Not sure if you've got a cage already but since you don't have your bunny yet, it's not like a cage couldn't be returned... so I'd like to share the awesomeness of NIC/C&C style cages with you! They're bigger, cheaper and all-around better than store-bought cages... plus they're SO customizable! Tons of people have one, yet I've never seen two that were the same - everyone does things differently to fit their wants, their budget, their bunny's needs/habits, the space they have available, etc.

These two sites lay out the basics very clearly:
http://breyfamily.net/bunnycage.html
http://www.guineapigcages.com/cubes.htm (shows how to do coroplast floors if you'd rather use that than plywood)

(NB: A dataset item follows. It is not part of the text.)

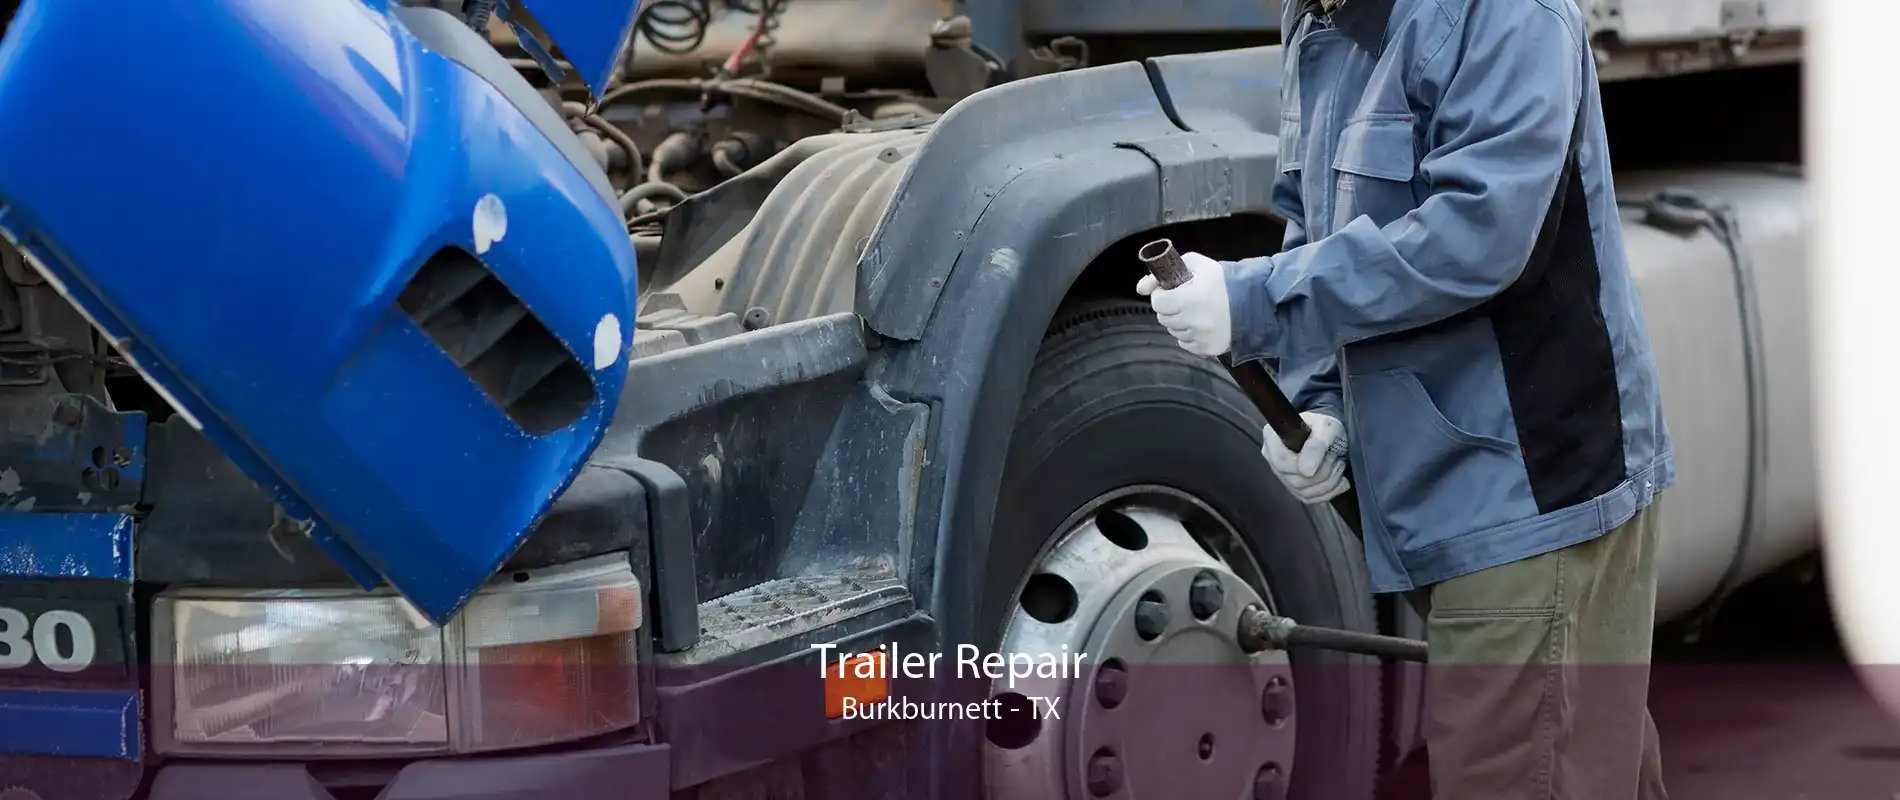 Trailer Repair Burkburnett - TX

And this site that JBun found gets into the nitty-gritty details - lots of different designs, some in-depth videos, all that good stuff: http://rabbitcondo.com/lara-and-harrels-deluxe-wide-rabbit-condo

The best deal on grids for the cages (in the US) is - surprisingly - at Sears (if your local store doesn't stock them, you can do site-to-store to avoid shipping fees). How many boxes you need obviously depends on the design, but you'll need at *least* two boxes to build an appropriately roomy condo unless the bunny is 100% free range and only uses their cage/condo as a home base for their food and litter box.
Each box contains 23 grids.

Here's the first condo I made (42'' long x 28'' wide x 70'' tall):







And the second (46'' long x 28'' wide x 70'' tall):






(I like the way I did the levels on the second condo better - having the level that's only one grid high in the middle instead of the bottom makes it so much easier to clean!

Other tips...
Dowels:
~ If you use plywood for flooring on the levels, you shouldn't need them (except perhaps on the top ceiling)... but with any other flooring, they prevent the levels from sagging.
~ Don't buy dowels at Home Depot (and I'm guessing Lowe's has similar prices). You can get them at Hobby Lobby [click the link for a printable "40% off one item" coupon] for a LOT less (shocking, I know, as their non-sale prices are a rip-off 95% of the time). Also, some Walmarts carry dowels at a good price.
~ I prefer round dowels over square ones, they're just less awkward to ziptie to the grids.

Coroplast:
~ If you want to use coroplast (corrugated plastic) for the floors, most Home Depots carry a 3'x6' sheet for around $13-14, which is the best deal I know of for it (it's not on their website last I checked, but I still see it in the store). Do NOT ask an employee where the coroplast is - the vast majority of HD employees don't even know what it is. Instead, ask them where the *plexiglass* is. That same section has acrylic sheets/window panes and various sized sheets of white coroplast... including, hopefully, the 3'x6' sheets. They're turned sideways and slid into a fairly narrow (but very tall) slot in the display and are easy to overlook, so don't expect them to stand out 

~ Home Depot will NOT cut the coroplast for you - I asked once; they only cut wood. If you need to get a 3'x6' sheet home using a small car, you can cut it in the parking lot using a utility knife (brought from home or purchased at the store for $1) if you know the dimensions you'll need for each floor of the condo. Alternatively, you can loosely roll up the entire sheet and stick it in the back seat - I can get a rolled up 3'x6' sheet into the backseat of my RX-8 (a fairly small sports car) easily.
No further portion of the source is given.